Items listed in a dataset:
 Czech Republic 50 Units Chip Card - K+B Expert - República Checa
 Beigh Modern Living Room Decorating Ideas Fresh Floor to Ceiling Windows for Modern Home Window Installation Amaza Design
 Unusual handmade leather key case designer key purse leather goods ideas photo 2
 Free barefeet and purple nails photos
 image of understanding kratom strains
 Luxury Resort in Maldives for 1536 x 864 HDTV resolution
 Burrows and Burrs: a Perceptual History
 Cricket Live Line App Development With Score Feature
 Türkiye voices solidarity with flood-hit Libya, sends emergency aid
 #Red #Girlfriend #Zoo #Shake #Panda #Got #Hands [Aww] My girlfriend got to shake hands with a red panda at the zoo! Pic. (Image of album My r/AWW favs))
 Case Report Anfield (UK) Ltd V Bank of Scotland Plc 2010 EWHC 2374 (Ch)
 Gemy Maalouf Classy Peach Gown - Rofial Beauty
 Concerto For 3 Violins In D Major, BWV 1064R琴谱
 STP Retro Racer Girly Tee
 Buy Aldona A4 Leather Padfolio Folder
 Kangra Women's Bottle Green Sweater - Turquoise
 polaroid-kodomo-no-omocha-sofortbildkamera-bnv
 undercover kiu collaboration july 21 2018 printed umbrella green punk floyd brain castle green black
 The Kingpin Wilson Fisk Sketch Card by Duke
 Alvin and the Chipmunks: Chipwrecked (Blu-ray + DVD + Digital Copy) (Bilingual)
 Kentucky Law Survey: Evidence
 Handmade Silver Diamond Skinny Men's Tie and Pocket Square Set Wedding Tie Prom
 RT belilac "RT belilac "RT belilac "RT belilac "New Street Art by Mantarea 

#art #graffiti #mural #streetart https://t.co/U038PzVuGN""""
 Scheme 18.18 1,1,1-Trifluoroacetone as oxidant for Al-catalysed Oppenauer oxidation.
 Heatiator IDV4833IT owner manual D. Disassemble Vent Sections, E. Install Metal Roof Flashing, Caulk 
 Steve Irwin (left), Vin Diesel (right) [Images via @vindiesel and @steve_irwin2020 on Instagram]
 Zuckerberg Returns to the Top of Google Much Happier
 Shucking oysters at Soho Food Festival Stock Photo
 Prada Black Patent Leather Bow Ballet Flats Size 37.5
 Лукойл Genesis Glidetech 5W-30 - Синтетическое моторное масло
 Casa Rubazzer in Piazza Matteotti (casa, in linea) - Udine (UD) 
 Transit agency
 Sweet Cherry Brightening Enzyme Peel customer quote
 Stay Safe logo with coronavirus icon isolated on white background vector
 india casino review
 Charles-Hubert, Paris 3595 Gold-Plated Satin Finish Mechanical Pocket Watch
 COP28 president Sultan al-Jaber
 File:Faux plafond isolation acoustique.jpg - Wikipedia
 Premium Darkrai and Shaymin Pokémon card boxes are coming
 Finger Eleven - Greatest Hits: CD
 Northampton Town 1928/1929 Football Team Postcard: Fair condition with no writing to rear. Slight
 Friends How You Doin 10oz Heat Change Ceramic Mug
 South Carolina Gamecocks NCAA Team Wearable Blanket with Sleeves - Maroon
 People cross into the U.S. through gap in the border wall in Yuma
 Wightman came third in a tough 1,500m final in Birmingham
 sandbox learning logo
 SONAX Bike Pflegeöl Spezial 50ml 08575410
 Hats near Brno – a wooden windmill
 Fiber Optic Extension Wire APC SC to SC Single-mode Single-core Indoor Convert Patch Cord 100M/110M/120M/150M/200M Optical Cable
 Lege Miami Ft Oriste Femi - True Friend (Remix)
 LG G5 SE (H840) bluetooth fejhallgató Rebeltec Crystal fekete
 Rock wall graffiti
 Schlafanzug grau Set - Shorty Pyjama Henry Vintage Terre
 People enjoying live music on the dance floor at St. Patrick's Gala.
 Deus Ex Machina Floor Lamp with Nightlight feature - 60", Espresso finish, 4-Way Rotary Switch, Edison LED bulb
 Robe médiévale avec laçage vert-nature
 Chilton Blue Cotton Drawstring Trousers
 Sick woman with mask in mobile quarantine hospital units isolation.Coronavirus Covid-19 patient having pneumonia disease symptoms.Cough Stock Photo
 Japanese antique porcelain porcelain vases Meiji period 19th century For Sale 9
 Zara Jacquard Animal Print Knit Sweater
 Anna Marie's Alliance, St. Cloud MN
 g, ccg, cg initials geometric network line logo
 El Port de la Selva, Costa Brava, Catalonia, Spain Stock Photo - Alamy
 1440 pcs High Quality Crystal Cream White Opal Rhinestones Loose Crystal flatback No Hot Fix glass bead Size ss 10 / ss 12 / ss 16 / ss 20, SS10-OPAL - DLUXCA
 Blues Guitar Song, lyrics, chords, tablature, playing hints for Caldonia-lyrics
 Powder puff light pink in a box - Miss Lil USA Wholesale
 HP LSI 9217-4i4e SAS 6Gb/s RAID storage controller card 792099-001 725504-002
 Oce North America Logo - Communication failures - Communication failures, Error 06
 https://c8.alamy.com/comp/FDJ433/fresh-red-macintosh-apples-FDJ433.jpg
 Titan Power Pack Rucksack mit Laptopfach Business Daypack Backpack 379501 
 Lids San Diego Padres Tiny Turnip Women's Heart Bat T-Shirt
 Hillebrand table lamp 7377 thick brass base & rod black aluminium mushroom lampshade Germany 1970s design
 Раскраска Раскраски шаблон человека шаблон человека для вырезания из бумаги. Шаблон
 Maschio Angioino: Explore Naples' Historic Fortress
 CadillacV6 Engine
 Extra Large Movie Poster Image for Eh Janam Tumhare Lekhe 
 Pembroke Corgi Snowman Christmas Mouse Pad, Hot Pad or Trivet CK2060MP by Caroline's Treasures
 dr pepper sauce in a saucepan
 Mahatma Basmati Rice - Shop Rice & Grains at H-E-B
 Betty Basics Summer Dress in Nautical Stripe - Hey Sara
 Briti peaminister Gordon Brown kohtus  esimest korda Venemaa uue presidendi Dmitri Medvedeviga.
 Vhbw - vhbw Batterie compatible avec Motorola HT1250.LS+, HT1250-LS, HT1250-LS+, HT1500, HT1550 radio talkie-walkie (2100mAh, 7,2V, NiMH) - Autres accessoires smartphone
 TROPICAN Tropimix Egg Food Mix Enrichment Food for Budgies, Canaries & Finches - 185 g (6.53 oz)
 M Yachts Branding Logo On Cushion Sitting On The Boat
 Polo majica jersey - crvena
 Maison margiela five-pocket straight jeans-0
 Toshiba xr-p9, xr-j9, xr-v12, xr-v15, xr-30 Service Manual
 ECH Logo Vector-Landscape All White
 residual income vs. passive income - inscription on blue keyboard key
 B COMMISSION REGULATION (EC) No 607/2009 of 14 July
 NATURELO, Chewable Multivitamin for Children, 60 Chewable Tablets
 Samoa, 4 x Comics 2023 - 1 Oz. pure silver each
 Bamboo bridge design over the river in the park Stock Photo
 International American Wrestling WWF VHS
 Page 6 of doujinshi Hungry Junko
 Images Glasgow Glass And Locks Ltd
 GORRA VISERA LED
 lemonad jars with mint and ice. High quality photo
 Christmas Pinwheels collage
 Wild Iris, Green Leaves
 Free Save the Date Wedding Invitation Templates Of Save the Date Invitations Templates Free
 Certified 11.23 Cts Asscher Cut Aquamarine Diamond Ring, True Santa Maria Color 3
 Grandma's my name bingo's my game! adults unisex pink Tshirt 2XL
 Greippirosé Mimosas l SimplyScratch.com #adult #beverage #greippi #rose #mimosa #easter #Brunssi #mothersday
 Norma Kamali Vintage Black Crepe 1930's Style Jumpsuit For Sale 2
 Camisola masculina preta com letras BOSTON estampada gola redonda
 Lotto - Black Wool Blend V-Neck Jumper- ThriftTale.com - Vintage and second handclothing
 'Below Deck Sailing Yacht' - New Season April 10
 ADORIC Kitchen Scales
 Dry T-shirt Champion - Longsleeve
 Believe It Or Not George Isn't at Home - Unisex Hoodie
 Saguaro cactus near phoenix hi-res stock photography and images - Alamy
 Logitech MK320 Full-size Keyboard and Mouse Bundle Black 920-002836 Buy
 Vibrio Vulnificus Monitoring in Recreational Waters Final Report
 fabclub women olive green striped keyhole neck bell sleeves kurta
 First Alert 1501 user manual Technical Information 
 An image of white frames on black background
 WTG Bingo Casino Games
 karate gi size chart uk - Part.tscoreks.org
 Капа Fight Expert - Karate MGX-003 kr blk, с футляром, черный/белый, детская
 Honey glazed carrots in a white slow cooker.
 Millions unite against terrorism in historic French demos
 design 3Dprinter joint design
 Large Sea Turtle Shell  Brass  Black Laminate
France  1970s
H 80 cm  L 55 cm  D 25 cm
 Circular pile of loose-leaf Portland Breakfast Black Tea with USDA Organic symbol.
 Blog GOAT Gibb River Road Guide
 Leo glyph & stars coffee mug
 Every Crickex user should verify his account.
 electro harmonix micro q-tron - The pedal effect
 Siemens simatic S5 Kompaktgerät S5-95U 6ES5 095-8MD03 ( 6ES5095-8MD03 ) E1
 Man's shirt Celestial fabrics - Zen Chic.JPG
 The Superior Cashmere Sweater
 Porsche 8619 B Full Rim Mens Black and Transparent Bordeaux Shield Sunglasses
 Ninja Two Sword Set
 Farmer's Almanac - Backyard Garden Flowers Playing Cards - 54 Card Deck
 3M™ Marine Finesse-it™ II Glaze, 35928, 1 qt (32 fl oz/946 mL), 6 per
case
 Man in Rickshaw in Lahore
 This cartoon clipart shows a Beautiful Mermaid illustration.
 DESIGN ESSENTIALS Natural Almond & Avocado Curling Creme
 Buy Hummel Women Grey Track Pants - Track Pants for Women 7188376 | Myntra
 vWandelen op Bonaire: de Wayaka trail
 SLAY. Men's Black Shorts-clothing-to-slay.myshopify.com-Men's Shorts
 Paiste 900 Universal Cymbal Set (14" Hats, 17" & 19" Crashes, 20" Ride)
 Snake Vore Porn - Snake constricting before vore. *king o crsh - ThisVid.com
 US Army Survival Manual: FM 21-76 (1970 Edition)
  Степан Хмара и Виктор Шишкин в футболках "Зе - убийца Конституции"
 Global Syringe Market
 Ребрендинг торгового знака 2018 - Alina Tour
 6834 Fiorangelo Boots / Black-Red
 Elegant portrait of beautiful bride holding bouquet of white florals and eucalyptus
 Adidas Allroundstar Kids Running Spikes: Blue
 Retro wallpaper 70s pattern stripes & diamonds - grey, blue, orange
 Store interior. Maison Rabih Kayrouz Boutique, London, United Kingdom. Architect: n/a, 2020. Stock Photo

What is required –
The reply should consist solely of the lines above from the one that has "Kangra Women's Bottle" through the one that has "Art by Mantarea", reproduced exactly.

Reply to the exercise –
 Kangra Women's Bottle Green Sweater - Turquoise
 polaroid-kodomo-no-omocha-sofortbildkamera-bnv
 undercover kiu collaboration july 21 2018 printed umbrella green punk floyd brain castle green black
 The Kingpin Wilson Fisk Sketch Card by Duke
 Alvin and the Chipmunks: Chipwrecked (Blu-ray + DVD + Digital Copy) (Bilingual)
 Kentucky Law Survey: Evidence
 Handmade Silver Diamond Skinny Men's Tie and Pocket Square Set Wedding Tie Prom
 RT belilac "RT belilac "RT belilac "RT belilac "New Street Art by Mantarea 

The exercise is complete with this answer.